BPC June 29 update

Intercept ICPT -40% and Heron HRTX -28% issued Complete Response Letters; Akero AKRO data due Tuesday

Price and Volume Movers

Akero Therapeutics, Inc. (Nasdaq: AKRO) announced that data from its Phase 2a trial of AKR-001 in patients with biopsy-confirmed nonalcoholic steatohepatitis (NASH) will be released after-hours on Tuesday, June 30, 2020.

Kiniksa Pharmaceuticals, Ltd. (Nasdaq: KNSA) shares closed up 13% to $26.00 on news its Phase 3 trial of rilonacept, met its prespecified primary and all major secondary efficacy endpoints, showing that rilonacept improved clinically meaningful outcomes associated with the unmet medical need in recurrent pericarditis.

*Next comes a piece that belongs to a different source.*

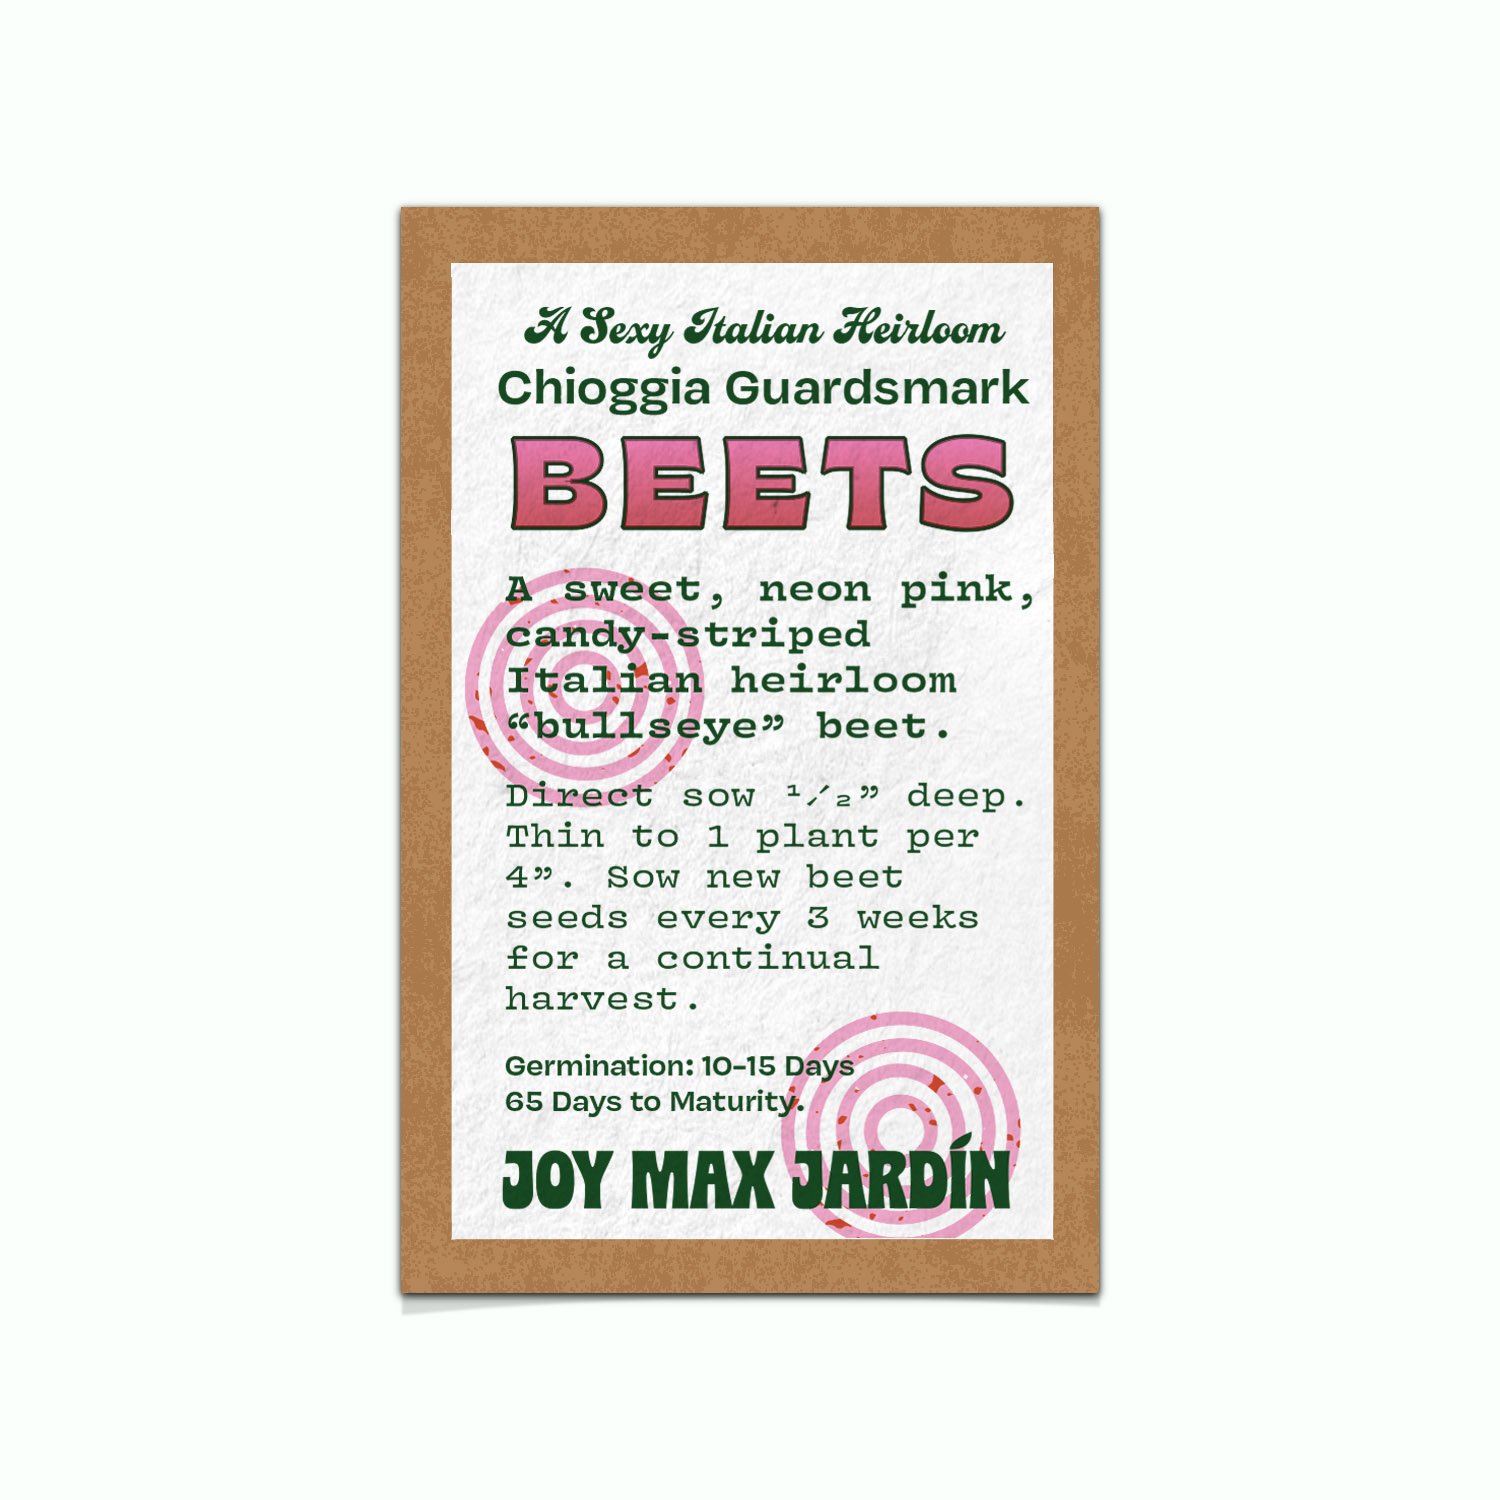 Joy Max Jardin Chioggia Guardsmark Beets.jpg

Intercept Pharmaceuticals, Inc. (NASDAQ:ICPT) announced that the FDA issued a Complete Response Letter (CRL) regarding the New Drug Application (NDA) for obeticholic acid (OCA) for the treatment of fibrosis due to nonalcoholic steatohepatitis (NASH). The CRL indicated that the predicted benefit of OCA remains uncertain and does not sufficiently outweigh the potential risks to support accelerated approval for the treatment of patients with liver fibrosis due to NASH. Shares slid to close down 40% to $46.70.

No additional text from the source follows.